By the time Toguri began her broadcasts on Radio Tokyo the tide of the war had shifted towards the Allies. On May 7 and 8, 1942, the American Navy fought the Japanese to a standstill in the Battle of the Coral Sea. In early June, Japan and the United States fought one of history’s great naval battles—Midway. For three days, six months after the Japanese attack on Pearl Harbor,  two great armadas battled for control of the Central Pacific.  Fighting was fierce with neither side able to gain an advantage. The conflict swung the American way when two squadrons of American torpedo planes attacked the Japanese carrier force. Faulty torpedoes that would not detonate and lack of fighter support doomed the torpedo squadrons. Out of thirty American planes, only one survived.  But the Japanese were unable to get their carrier planes properly armed to defend against next attack. A wave of American dive bombers struck with devastating accuracy. Four aircraft carriers and one heavy cruiser were destroyed.

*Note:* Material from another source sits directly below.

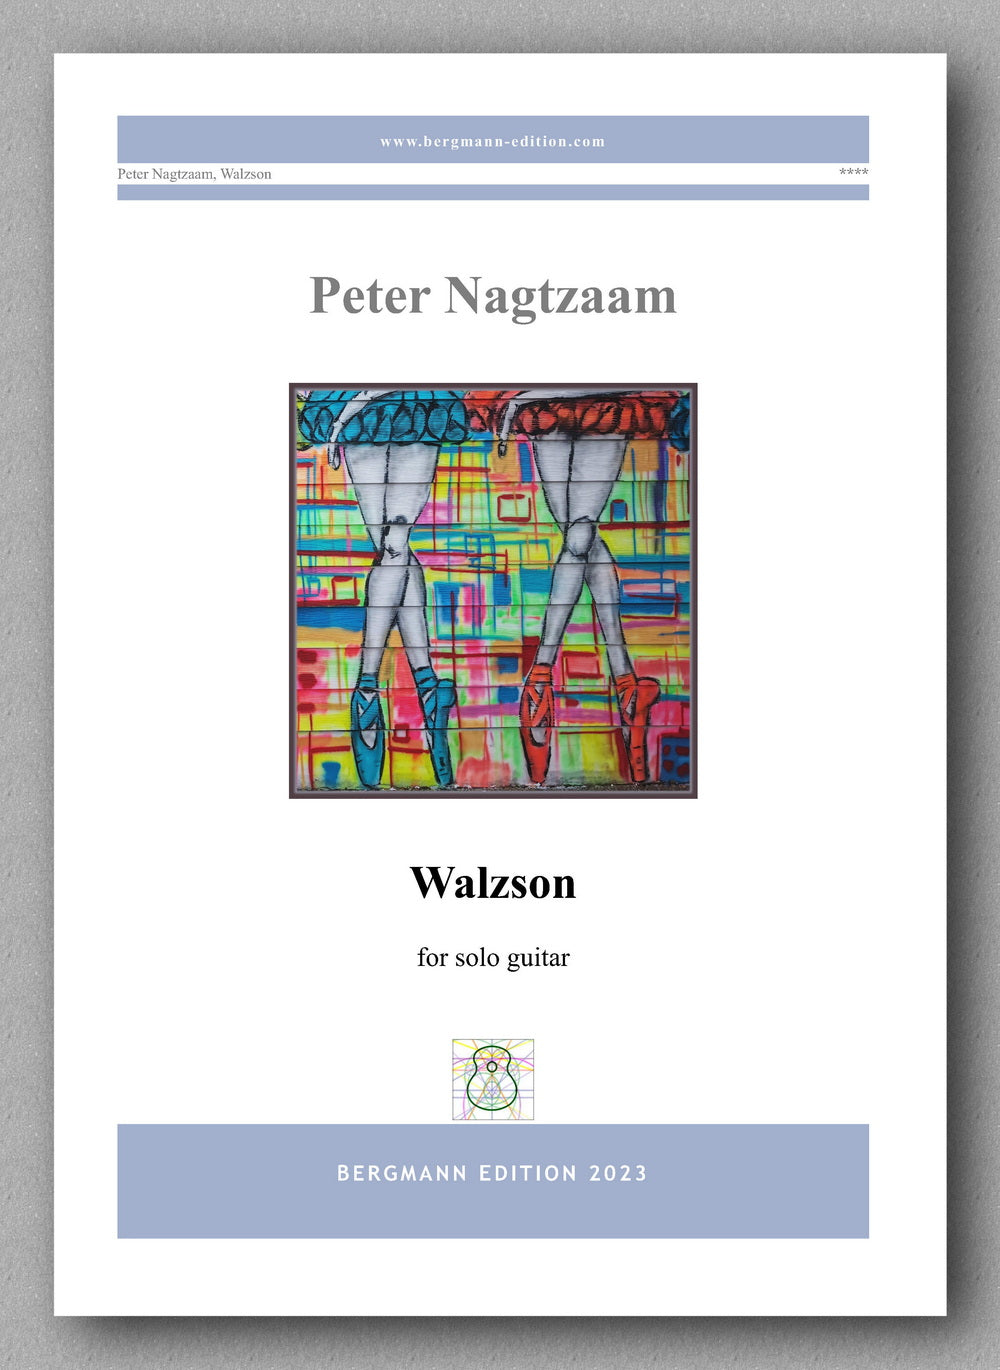 Peter Nagtzaam, Walzson - Preview of the cover

It was a death blow to the Japanese navy.

Inexorably Allied forces island-hopped their way to their primary objective—the island of Saipan. From Saipan Japan was vulnerable to bomber attacks. In February 1943, after six months of fierce fighting, U. S. Marines secured Guadalcanal and its strategic airfield. While Marines battled eastward, Allied submarines decimated Japanese supply lines. Radio propaganda broadcasts that might have demoralized a losing side came across as a charade to victorious Allied troops.

The August 2, 1944, Port Arthur News reported that Marines on Saipan favored Tokyo Rose over Bing Crosby although they felt slighted because they were not included in her “bonehead” list of Allied troops. The Cumberland Evening Times, on October 3, 1944, printed the banner headline “Tokyo Rose Broadcast Brings Hearty Laughs from Marines.” The article featured a letter written from Saipan from Pfc. Fred Theis to his parents.  “We like her music, and her attempts to make us homesick are funny.... Her broadcasts raise our morale.... Her inaccurate battle reports are a real laugh…. She said 50-60 planes raided Saipan about a week after we threw back their last desperate attack.”